Lompat ke konten Lompat ke sidebar Lompat ke footer

Berpikir Kritis dalam Matematika

Cukwuyenum (Amir, 2015, hlm. 162) menjelaskan berpikir kritis meliputi usaha seseorang dalam mengumpulkan, menafsirkan, menganalisis dan mengevaluasi informasi untuk sampai pada simpulan yang dapat diandalkan dan valid. Sementara itu Shapiro (Amir, 2015, hlm. 162) mengungkapkan berpikir kritis adalah suatu aktivitas mental yang berkaitan dengan penggunaan nalar yang menggunakan proses mental seperti memperhatikan, mengkategorikan, menyeleksi, dan memutuskan pemecahan suatu masalah. Jadi berpikir kritis merupakan aktivitas mental seseorang dalam mengumpulkan, mengkategorikan, menganalisa, dan mengevaluasi informasi ataupun bukti agar dapat membuat suatu simpulan untuk memecahkan masalah.
Berpikir kritis yang akan penulis teliti adalah berpikir kritis matematis. Secara epistimologi Craver,dkk (Suwarma, 2009, hlm. 7) menyatakan berpikir kritis matematika berbeda dengan berpikir kritis pada bidang lainnya.
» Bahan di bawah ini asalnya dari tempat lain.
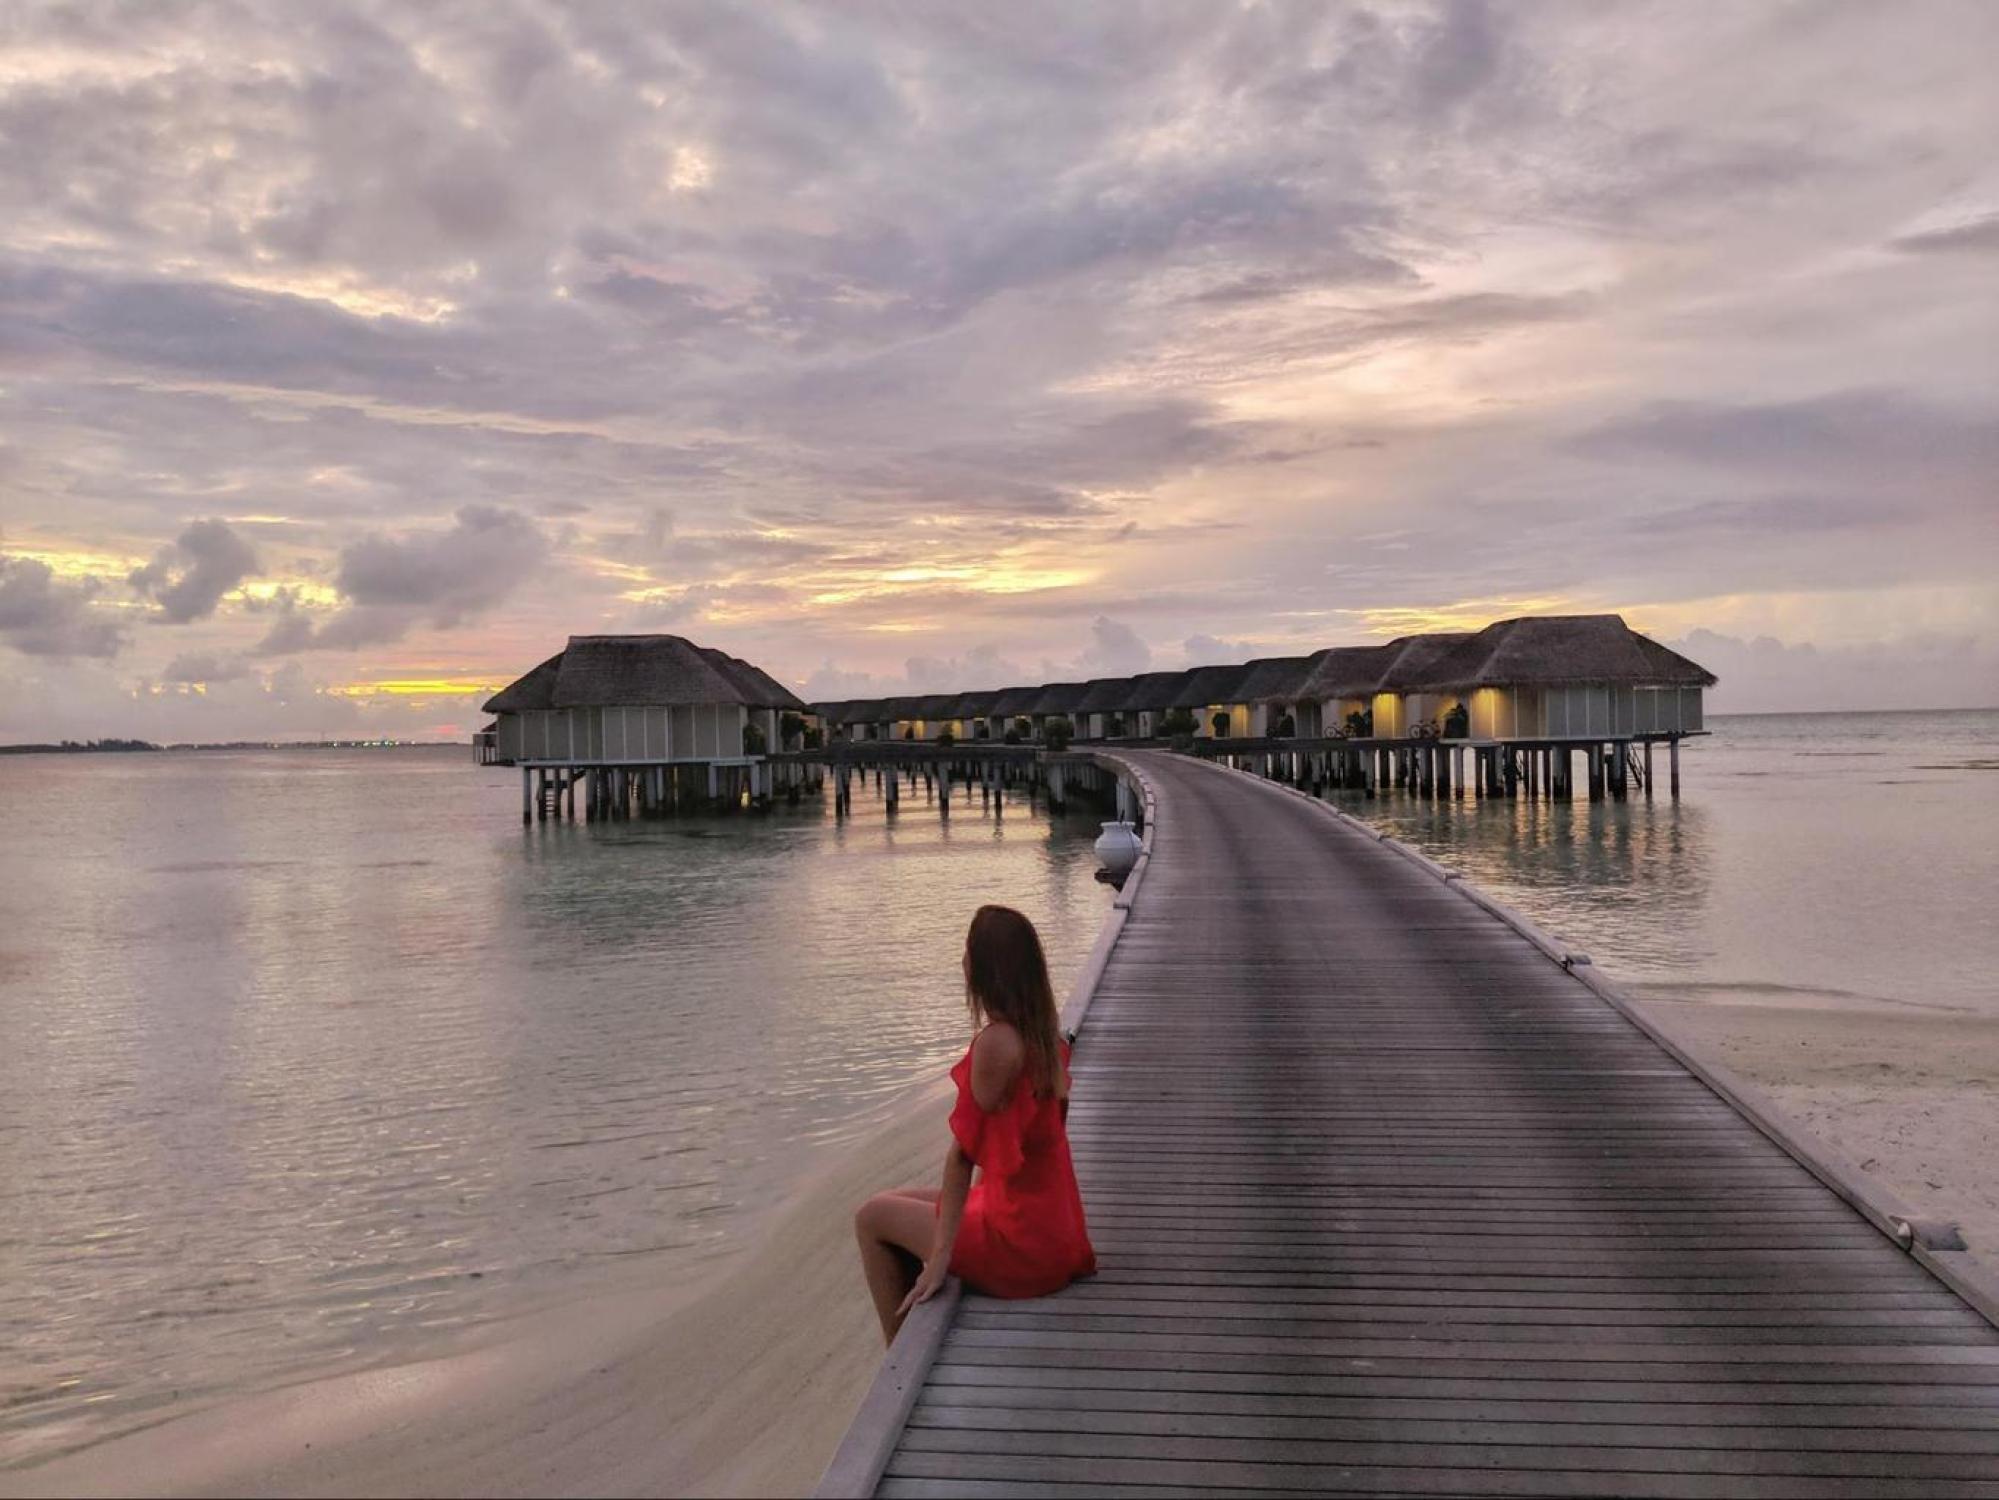 Sunset at LUX* Maldives

Hal ini didasarkan atas penjelasan yang dikemukakan oleh Ennis (Suwarma, 2009, hlm.7) yang menyatakan matematika terdapat domain yang memiliki kriteria berbeda untuk menyusun alasan yang tepat, karena matematika hanya menerima pembuktian deduktif sedangkan bidang lainnya tidak memerlukan pembuktian deduktif guna menyusun kesimpulan akhir.
Berpikir kritis di pelajaran khususnya matematika merupakan suatu proses kognitif atau tindakan mental dalam usaha memperoleh pengetahuan matematika berdasarkan penalaran matematik. Penalaran matematik ini melibatkan pembentukan generalisasi dan penarikan kesimpulan tentang ide-ide dan bagaimana ide-ide ini dihubungkan.
Kemampuan berpikir kritis matematis menurut Ennis (dalam Lestari & Yudhanegara, 2015, hlm. 65) yaitu kemampuan berpikir dalam menyelesaikan masalah matematika yang melibatkan pengetahuan matematika, penalaran matematika, dan pembuktian matematika. Selanjutnya Glazer (Suwarma, 2009, hlm. 16) merumuskan berpikir kritis dalam matematika sebagai kemampuan dan disposisi untuk menyertakan pengetahuan sebelumnya, penalaran matematika, dan strategi kognitif untuk menggeneralisasi, membuktikan, atau mengevaluasi situasi-situasi matematika yang tidak familiar secara reflektif. Berdasarkan rumusan definisi tersebut, maka kondisi untuk berpikir kritis dalam matematika harus memuat :
Situasi yang tidak familiar dimana individu tidak dapat dengan cepat memahami konsep matematika atau mengetahui bagaimana menentukan solusi dari persoalan.
Menggunakan pengetahuan awal, penalaran matematika, dan strategi kognitif.
Generalisasi, pembuktian, dan atau evaluasi.
Berpikir reflektif yang melibatkan pengomunikasian solusi dengan penuh pertimbangan, membuat makna tentang jawaban atau argumen yang masuk akal, menentukan alternatif untuk menjelaskan konsep atau memecahkan persoalan, dan atau membangkitkan perluasan untuk studi selanjutnya.
Dalam kurikulum berpikir kritis, menurut Ennis (Suwarma, 2009, hlm 13) terdapat dua belas indikator berpikir kritis yang dikelompokkan dalam lima kemampuan berpikir, yaitu :

  1. Memberikan penjelasan sederhana (elementary clarification).
  2. Membangun keterampilan dasar (basic support).
  3. Membuat simpulan (inference).
  4. Membuat penjelasan lebih lanjut (advances clarification).
  5. Menentukan strategi dan taktik (strategy and tactics) untuk menyelesaikan masalah.